#### Material for the task ####

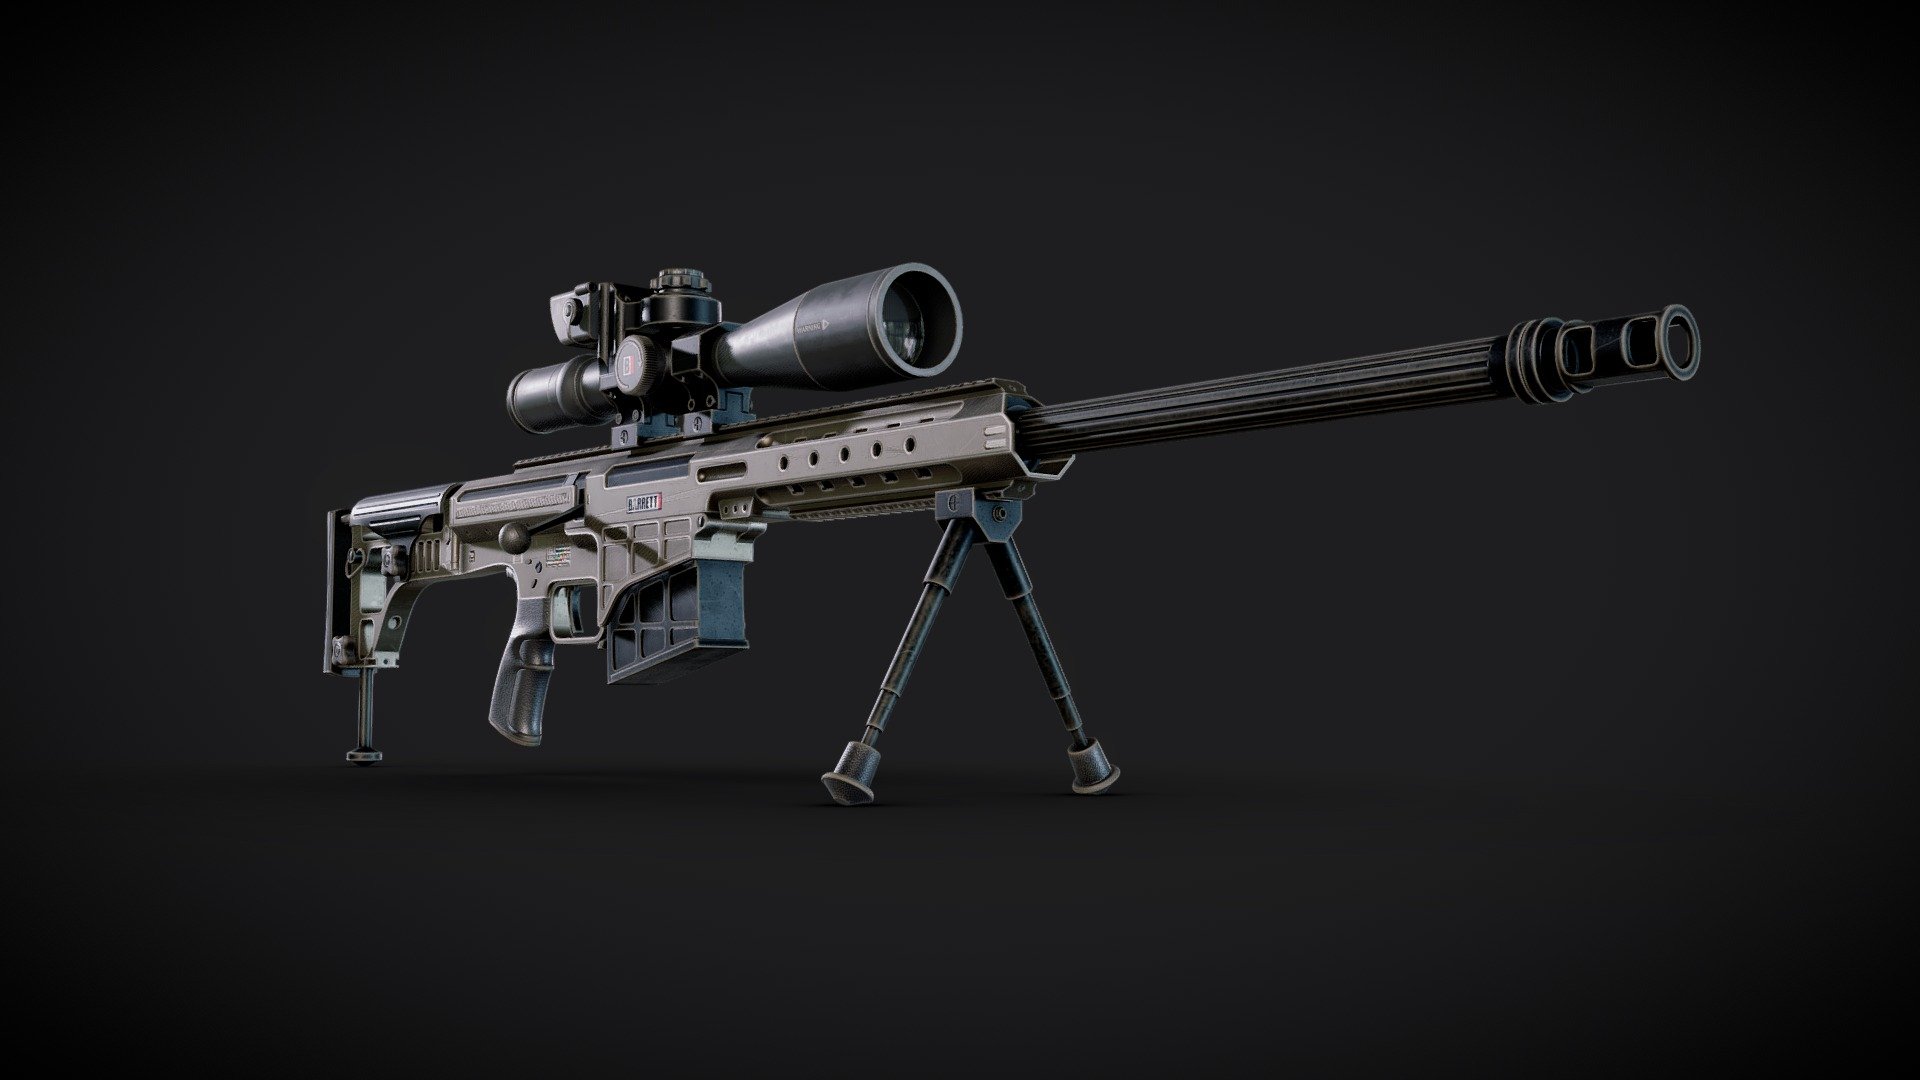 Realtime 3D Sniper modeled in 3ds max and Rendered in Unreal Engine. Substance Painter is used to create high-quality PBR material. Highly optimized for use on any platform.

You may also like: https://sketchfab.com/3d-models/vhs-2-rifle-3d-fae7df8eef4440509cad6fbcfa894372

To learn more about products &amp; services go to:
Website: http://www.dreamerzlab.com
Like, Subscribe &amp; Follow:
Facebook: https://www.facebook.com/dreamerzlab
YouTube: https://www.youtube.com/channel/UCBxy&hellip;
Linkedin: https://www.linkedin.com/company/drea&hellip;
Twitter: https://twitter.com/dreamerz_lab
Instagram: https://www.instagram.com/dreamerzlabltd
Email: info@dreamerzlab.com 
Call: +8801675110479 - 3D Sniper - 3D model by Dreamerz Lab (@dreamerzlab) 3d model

####
#### Material for the task ####

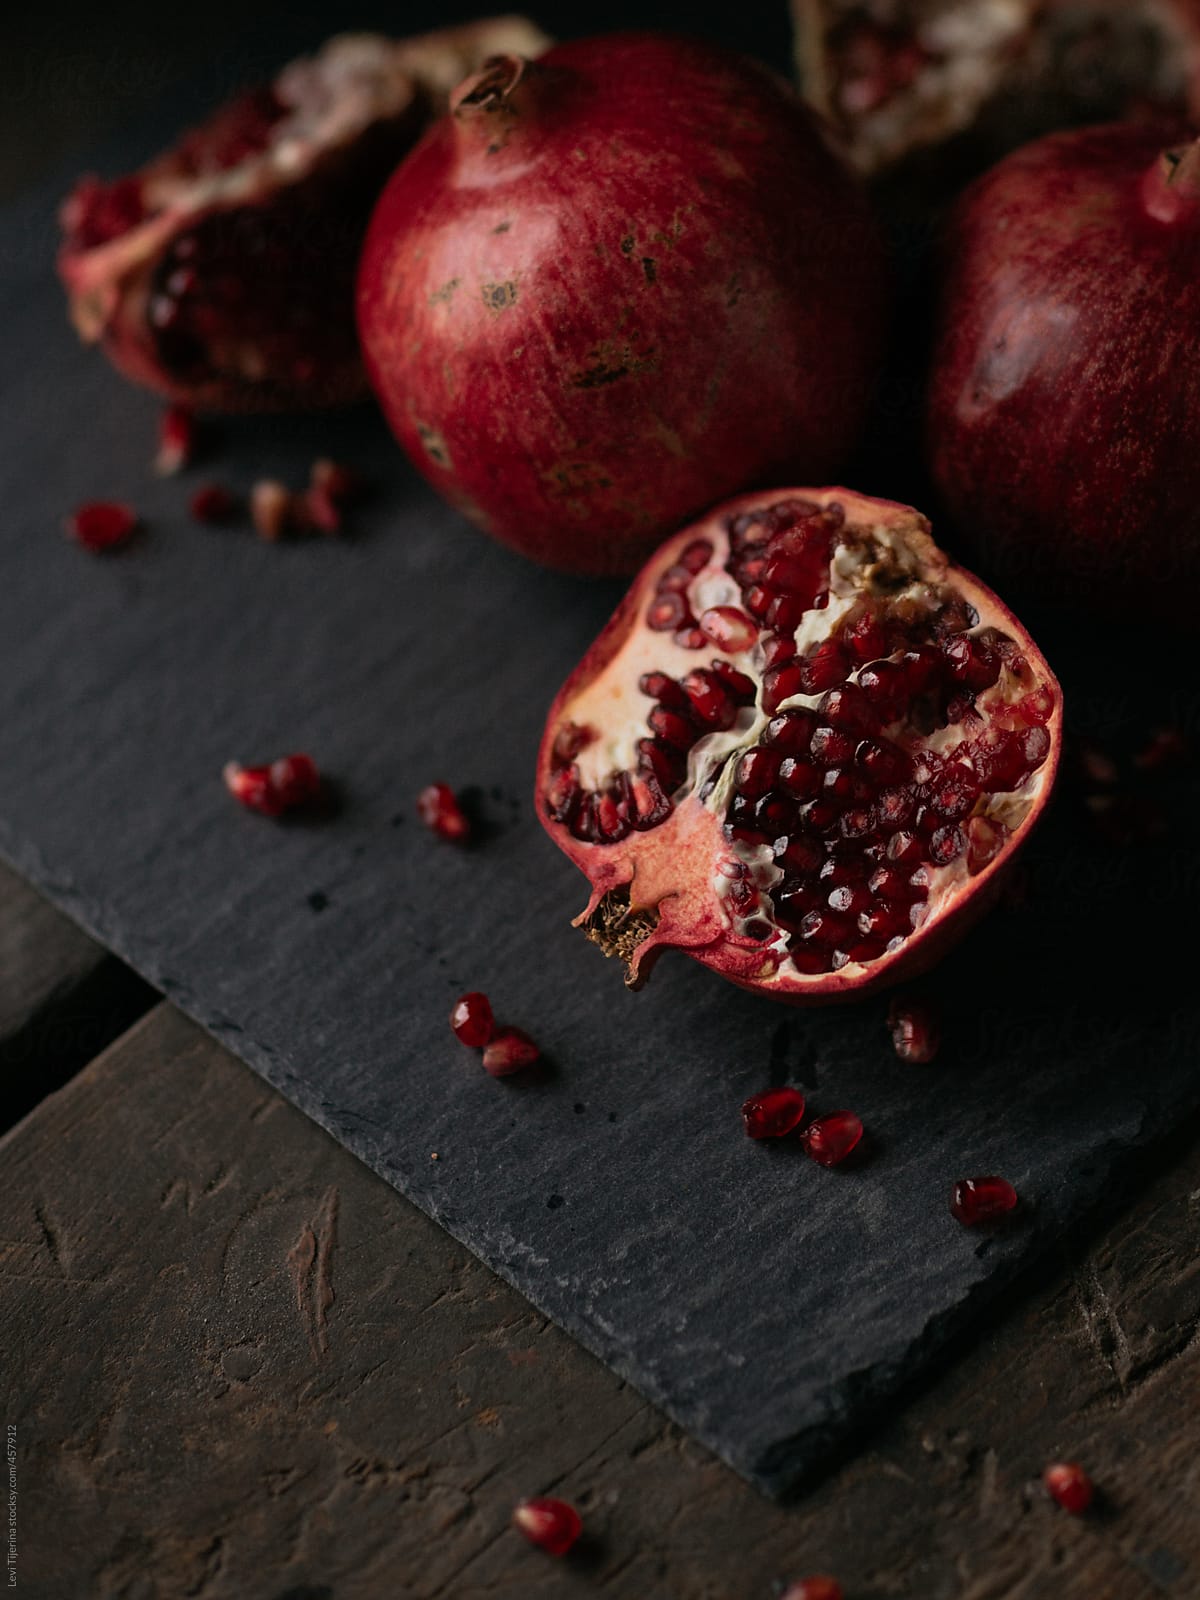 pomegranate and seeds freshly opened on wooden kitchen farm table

####

Taking the entries above, copy word for word the lines from the one with "Realtime 3D Sniper" up to and including the one with "Call: +8801675110479 - 3D", without any picture.

 Realtime 3D Sniper modeled in 3ds max and Rendered in Unreal Engine. Substance Painter is used to create high-quality PBR material. Highly optimized for use on any platform.

You may also like: https://sketchfab.com/3d-models/vhs-2-rifle-3d-fae7df8eef4440509cad6fbcfa894372

To learn more about products &amp; services go to:
Website: http://www.dreamerzlab.com
Like, Subscribe &amp; Follow:
Facebook: https://www.facebook.com/dreamerzlab
YouTube: https://www.youtube.com/channel/UCBxy&hellip;
Linkedin: https://www.linkedin.com/company/drea&hellip;
Twitter: https://twitter.com/dreamerz_lab
Instagram: https://www.instagram.com/dreamerzlabltd
Email: info@dreamerzlab.com 
Call: +8801675110479 - 3D Sniper - 3D model by Dreamerz Lab (@dreamerzlab) 3d model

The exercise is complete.